Detailed Description
The exemplary embodiments of the present invention will now be described with reference to the accompanying drawings, however, the present invention may be embodied in many different forms and is not limited to the embodiments described herein, which are provided for complete and complete disclosure of the present invention and to fully convey the scope of the present invention to those skilled in the art. The terminology used in the exemplary embodiments illustrated in the accompanying drawings is not intended to be limiting of the invention. In the drawings, the same units/elements are denoted by the same reference numerals.
Unless otherwise defined, terms (including technical and scientific terms) used herein have the same meaning as commonly understood by one of ordinary skill in the art to which this invention belongs. Further, it will be understood that terms, such as those defined in commonly used dictionaries, should be interpreted as having a meaning that is consistent with their meaning in the context of the relevant art and will not be interpreted in an idealized or overly formal sense.

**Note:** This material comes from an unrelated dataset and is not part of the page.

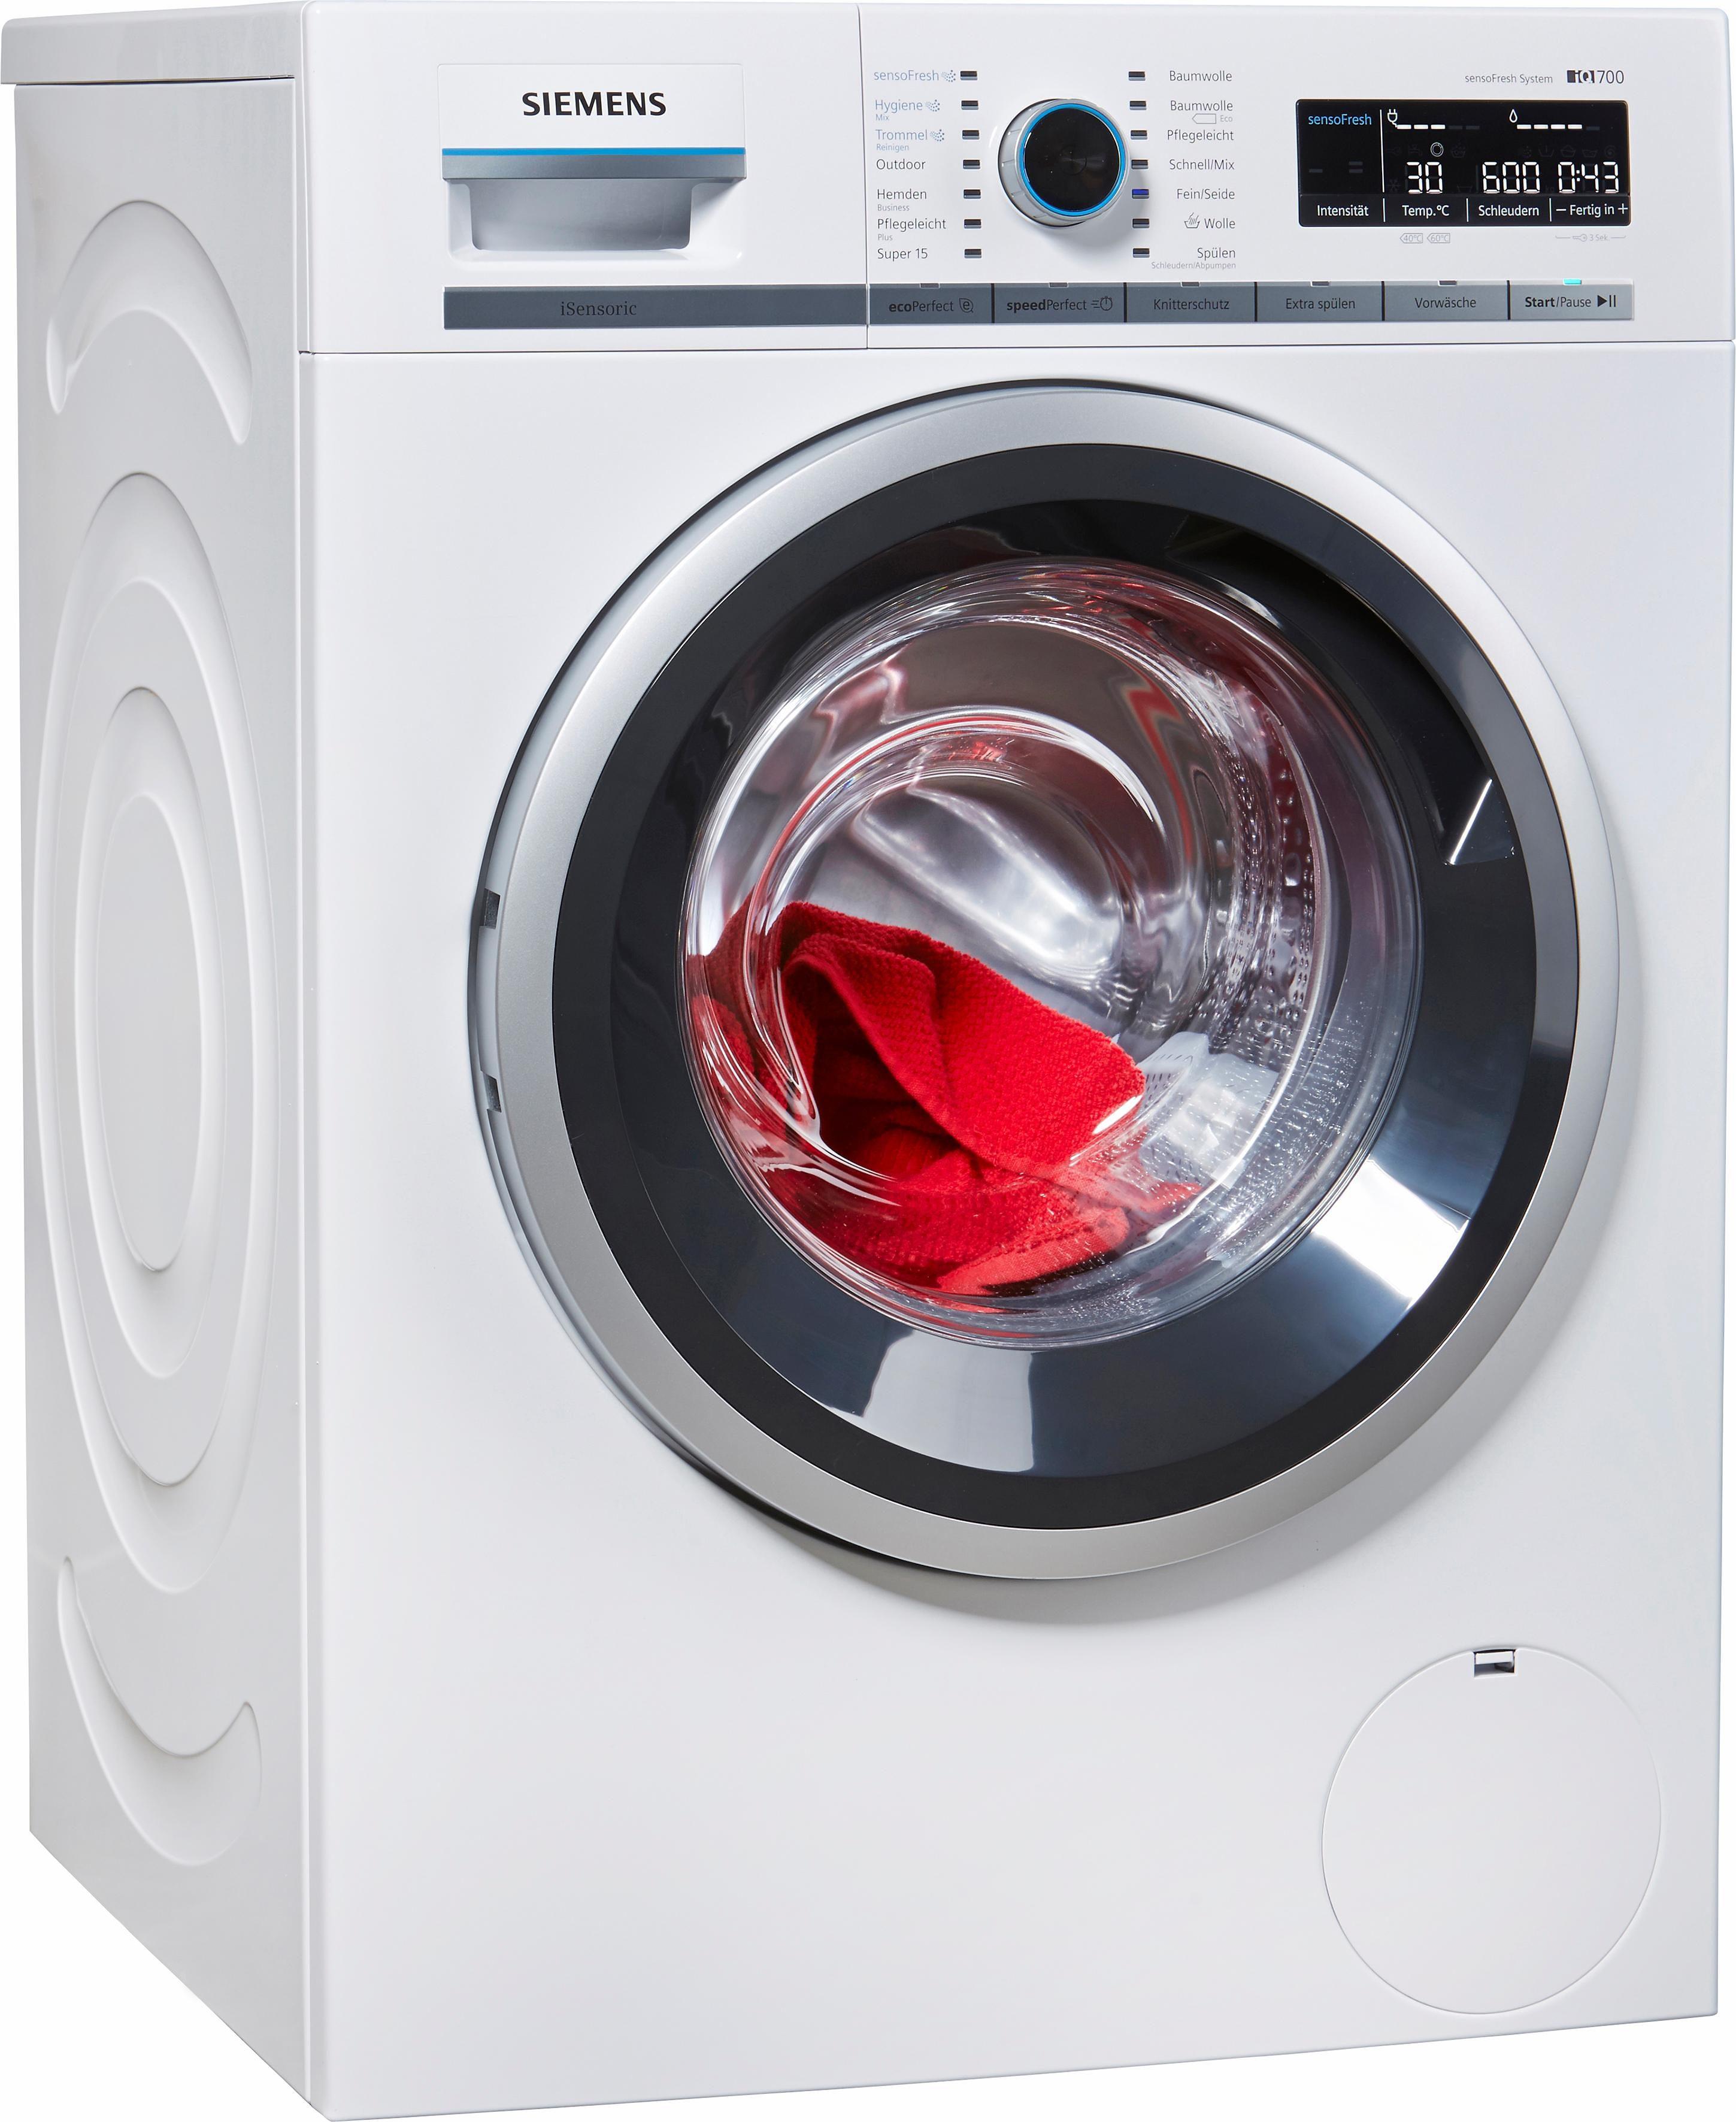 SIEMENS Waschmaschine WM14W740, A+++, 8 kg, 1400 U/Min

FIG. 1 is a flow diagram of a method 100 for integrated weighing of equipment safeguards in accordance with an embodiment of the present invention. As shown in fig. 1, the comprehensive balancing method for the equipment protection scheme provided by the embodiment of the invention has the advantages that an evaluation index system is more comprehensive and effective, the equipment protection scheme can be evaluated on the whole, a plurality of protection schemes can be efficiently decided, the comprehensive balancing of the multiple protection schemes is realized, the optimal equipment protection scheme is determined, and the problems of overhigh subjectivity and lack of actual data support in evaluation can be avoided. The method 100 for comprehensively balancing equipment security schemes provided by the embodiment of the invention starts from step 101, determines the evaluation indexes in step 101, and acquires the evaluation index data of each evaluation index corresponding to each equipment security scheme.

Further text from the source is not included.